If we believe that our world (including us) is most fundamentally understood as a manifestation of information, then the exploitation of sound/time represents robust opportunities for life systems to co-create meaning and to build relationships. Co–created meaning informs relationships, builds culture, and contributes to a greater complexity exponentially. Indeed, to grasp the complexity of the communicative nature of the world requires a deep, detailed probe into the embedded layers of sound/time. These exist not only within the human context but also within the context of other living beings. And they help to define multiples of relationships between the individual and the external world. This is an exercise by its very nature at the intersection of science and music; an exercise that presents robust opportunities for collaboration by many disciplines. That intersection is BioMusic.

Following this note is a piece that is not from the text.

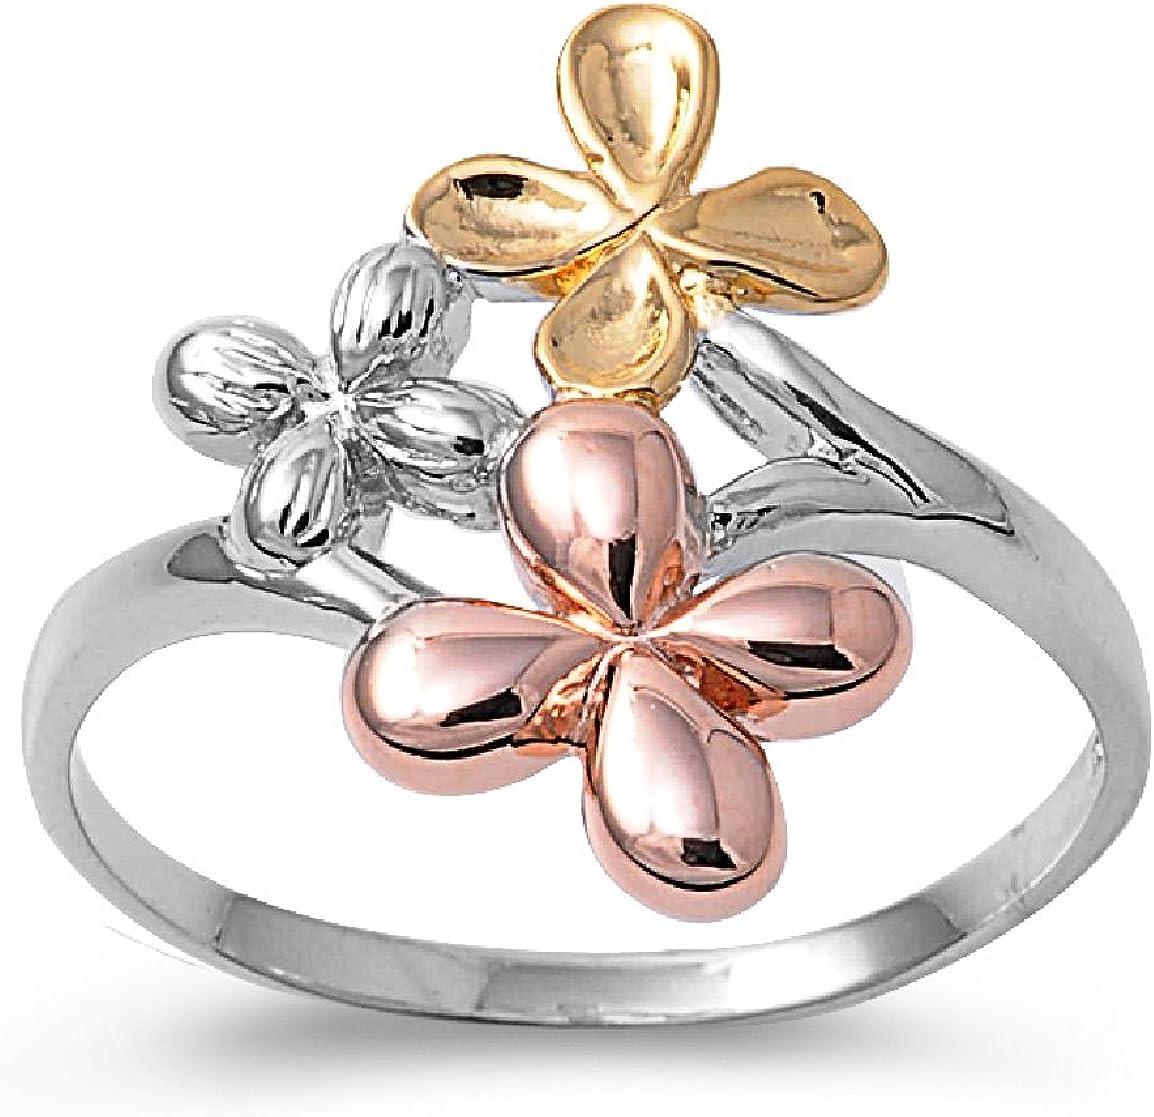 Princess Kylie 925 Sterling Silver Plumeria Ring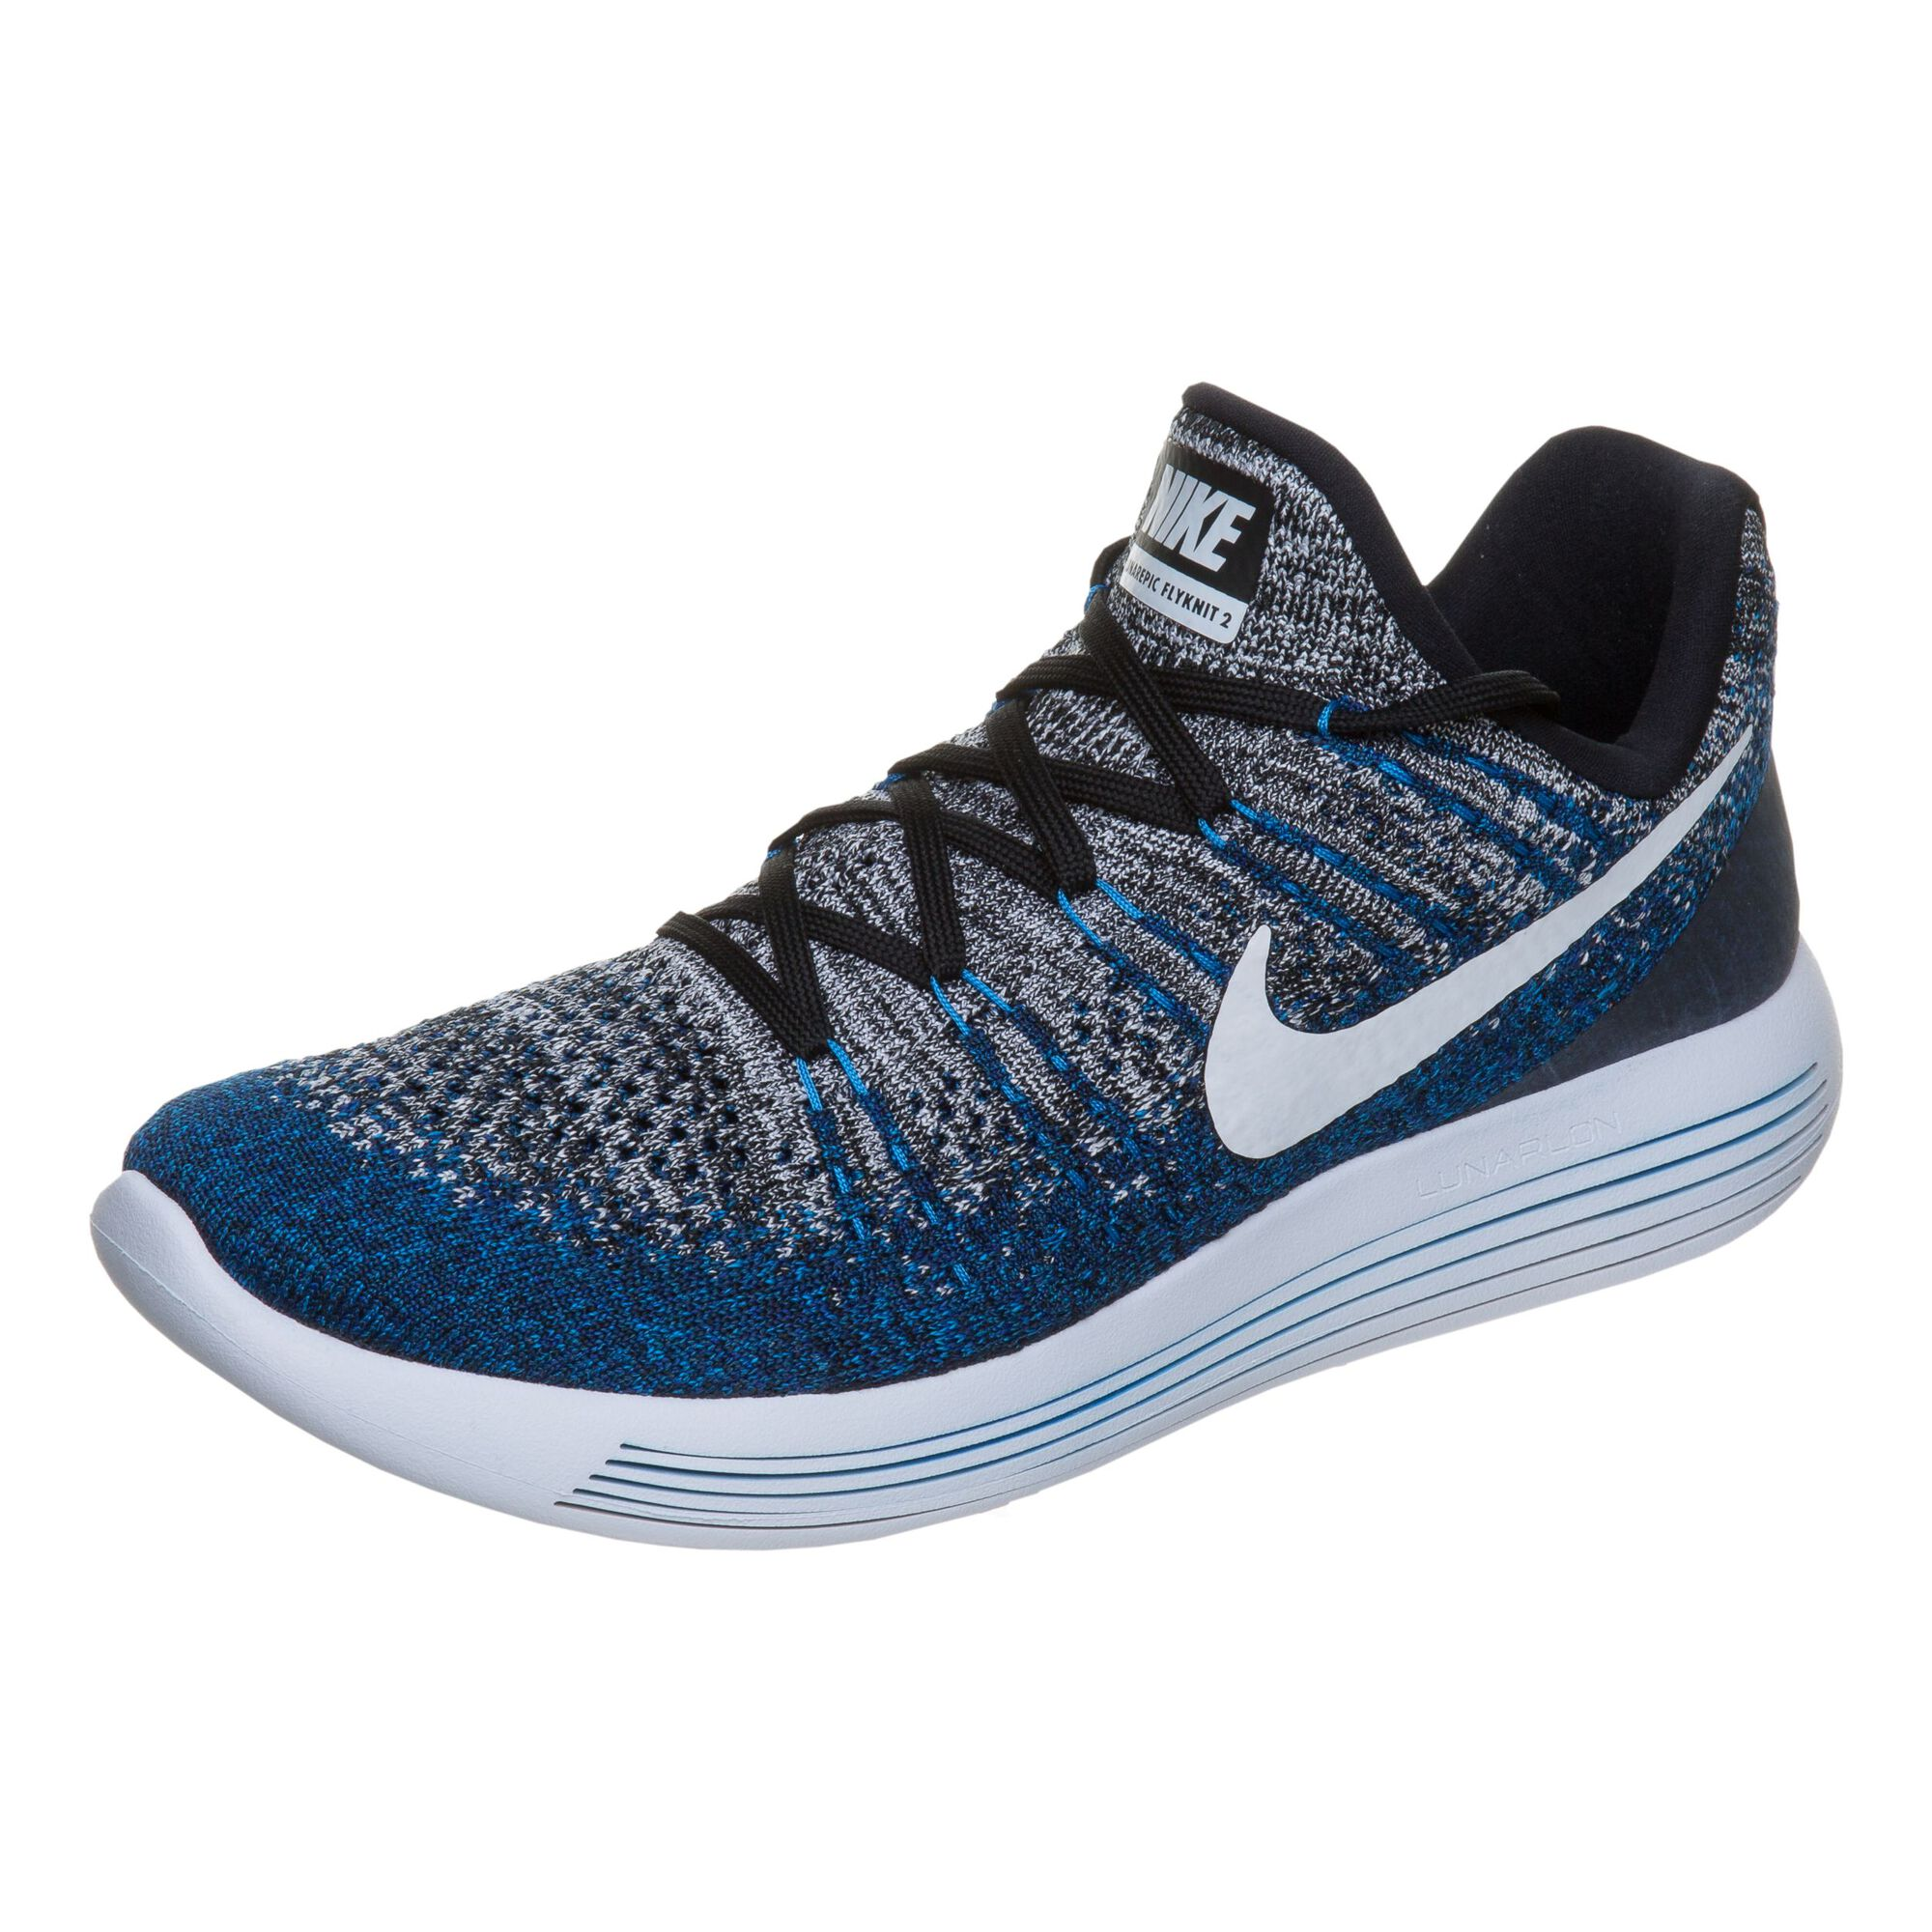 de8cc0edb779 buy Nike LunarEpic Flyknit 2 Neutral Running Shoe Men - Black

This interdisciplinary field began at the National Academy of Sciences in Washington DC in 1986. At that time, the Academy opted to grant its critical imprimatur to a then new and controversial concept called ‘biodiversity’ by hosting an international conference on the topic. The inherent interdisciplinary and transformative nature of biodiversity recruited renowned scientists to the conference with perspectives of openness, cross-talk, and wider-ranging inquiry. Included into that rich intellectual mix were musicians, poets, and visual artists – all there to serve and support the conference’s goals and objectives. That intellectual flow and the inclusiveness of the moment brought out a new strand of questions and new lines of thinking that engaged music and musical parameters as valuable ways to extend and spawn new investigations of the natural world. It also inspired a new breed of musician focused on drilling deeply into the processes that enable and support music-making thereby broadening our understanding of what being a musician is. BioMusic was born.

Today BioMusic research studies how music-making’s biological and cognitive elements are expressed in relationships and meaning-making in human as well as non-human musico-communication systems. This raises questions about what is meant by ‘music’ in this context? A broadened 21st century discourse has re-conceptualized and refocused this question on ‘process’ strategies that can advance new science and new music research. From this vantage, BioMusic research looks at the underlying complex system of human music-making and empirically researches its elements within humans and other animal communication systems. And as new research confirms that human musicality has deep evolutionary roots, exploring these key elements can provide the biological foundations of human music-making with translational implications for wellness, therapies, and learning.

By its very nature, BioMusic lends itself to many uses and interpretations. On the surface, it appears to be about ‘music’ supporting science research; and many have viewed it that way. But its most grounded reality has placed music, musical structures, and music-making under the microscope. That has changed the way we understand, think about, and even realize music’s role and its potential in all life.